Some parents have given as much as £7,000 to a child trust fund. Others have made smaller, but just as meaningful, contributions.
In all, more than £2bn is washing around in them.
Now, there is a real danger this money will be trapped in investment funds that will condemn them to a decade or more of under-performance. Those who opted for cash savings accounts may well be left earning 1% or less. Why? Because they are closed to new investors, so those running them do not need to attract new business.
It is quite understandable, given the state of the economy, that the Government acted in haste to stop its contributions to child trust funds. And the idea of a Junior Isa to replace them is welcome.
But the Government has a duty to those who still have child trust funds. Already, the choice of investment funds has been slashed to just 23 and the number of savings accounts available cut to 11. When the previous government scrapped TESSAs and Peps it eventually made the sensible decision to merge them with Isas.
Now, this government should make the equally sensible decision to merge child trust funds into the new Junior Isa. This would give parents and children greater choice over investments and allow them to seek better returns and lower charges.
›› Time to help 6m kids with £2bn in CTFs
Bitter ending
Just as one generation of savers is about to be abandoned by the Government and investment industry, another approaches the conclusion of that sorry journey.
The number of people retiring on a with-profits pension will soon be in decline. And thank goodness for that.
Many set out in the late 1980s, on the back of financial deregulation, believing government and industry assurances that regular monthly saving into a with-profits fund would lead them to financial security in retirement. Instead, everybody has got rich except them. The financial advisers who sold the plans earned sacks of commission. Insurance companies became bloated on their charges. Fund managers and marketing men took their share.
But those who actually worked for the money and invested it were systematically fleeced.
Money Mail has campaigned vigorously for more transparency in fund charging and for across-the-board reductions in charges.

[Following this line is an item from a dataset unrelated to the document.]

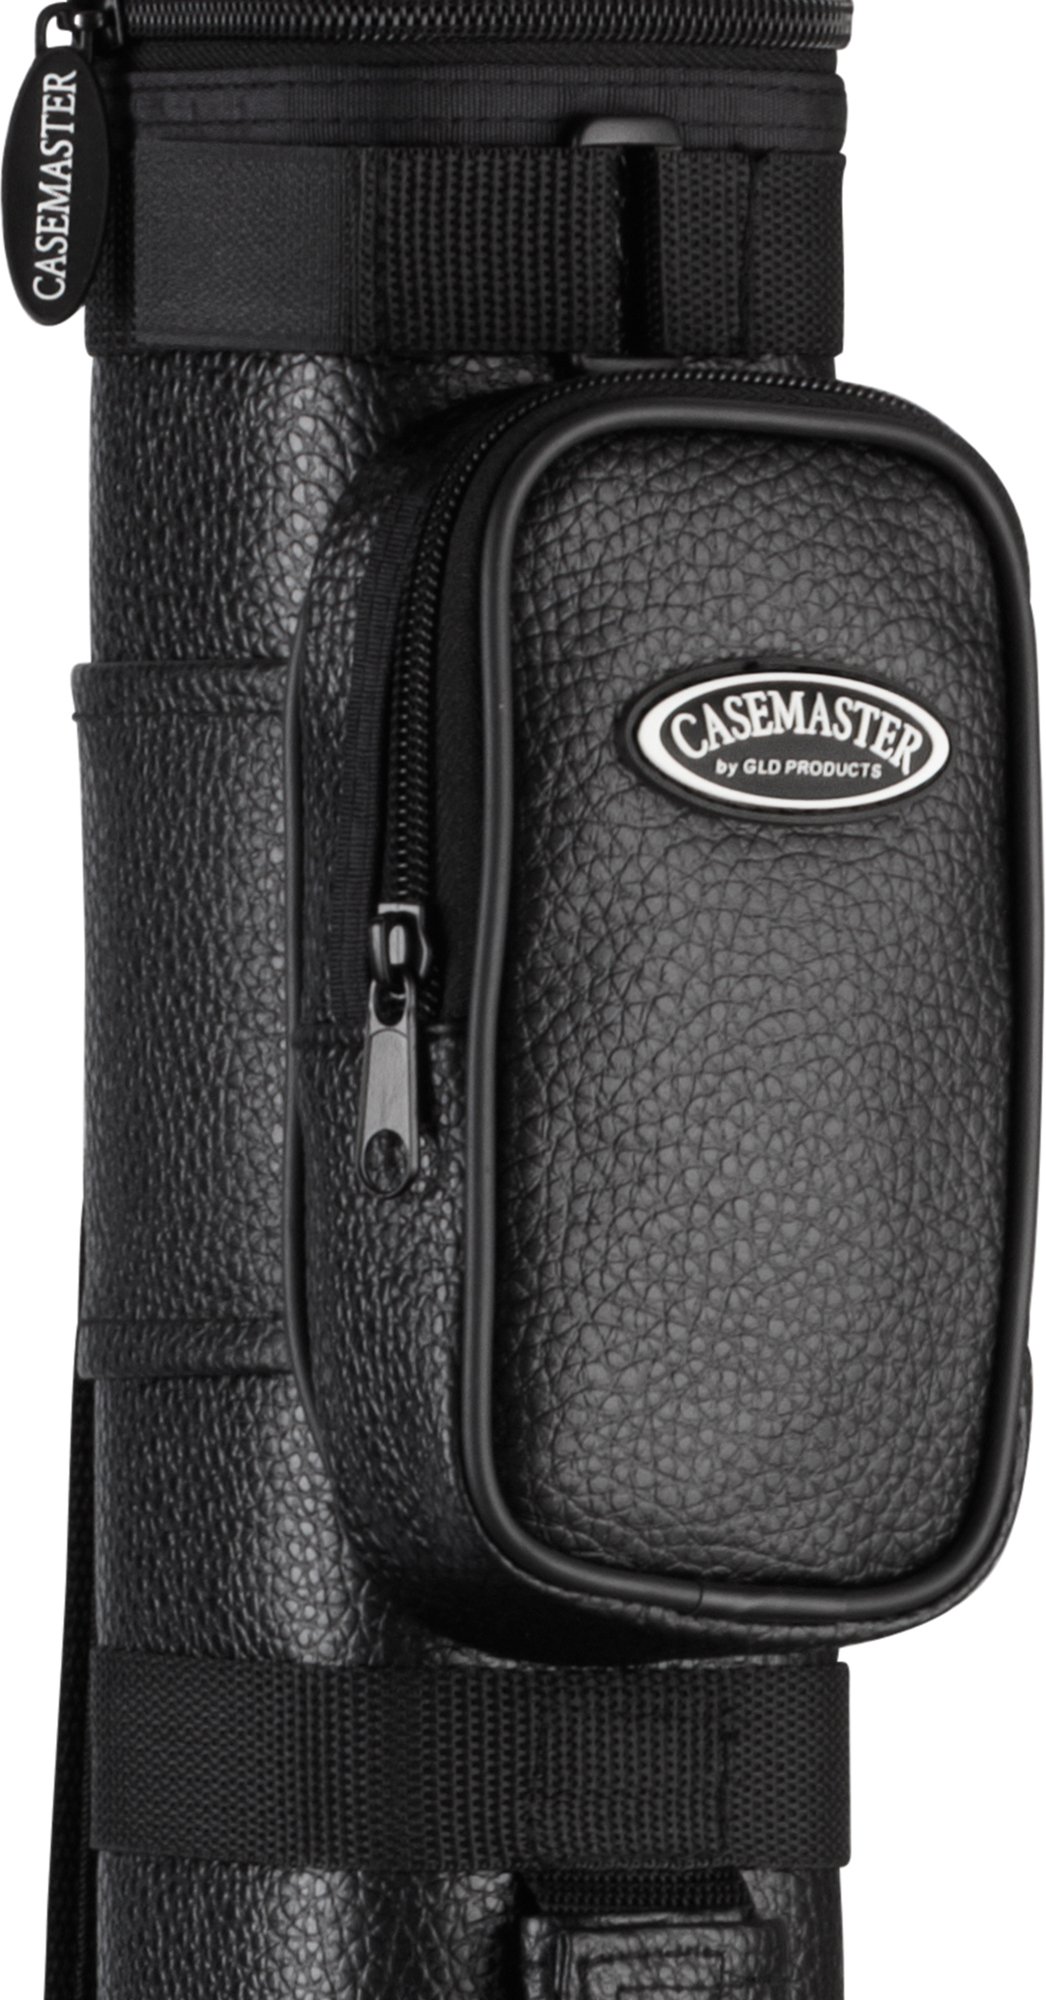 Casemaster by GLD Products Q-Vault Classic Billiard/Pool Cue Hard Case, Holds 2 Complete 2-Piece Cues (2 Butt/2 Shaft), Black

We continue to believe that this is the only way to prevent the next generation suffering a similar fate.
›› Pension payouts slump by a third
Bravo NFU!
Congratulations to NFU Mutual for its open, honest and fair behaviour towards its investors.
While others have delivered poor returns and still gathered their profits, this mutual insurer has taken its share of the pain.
Its Mutual Deposit fund has been delivering poor returns of late, thanks mainly to low interest rates. While others have whinged and made excuses but continued to rake in their fees, NFU Mutual has chosen a different route.
It has written individually to investors telling them it is cutting its annual management charge. Its logic is that the charge is currently greater than the interest rate, so investors will inevitably lose money. While this remains the case, it will reduce the charge.
That's a lesson to every investment house in how they should behave, and its directors deserve every bit of praise that comes their way for taking this brave and refreshing decision.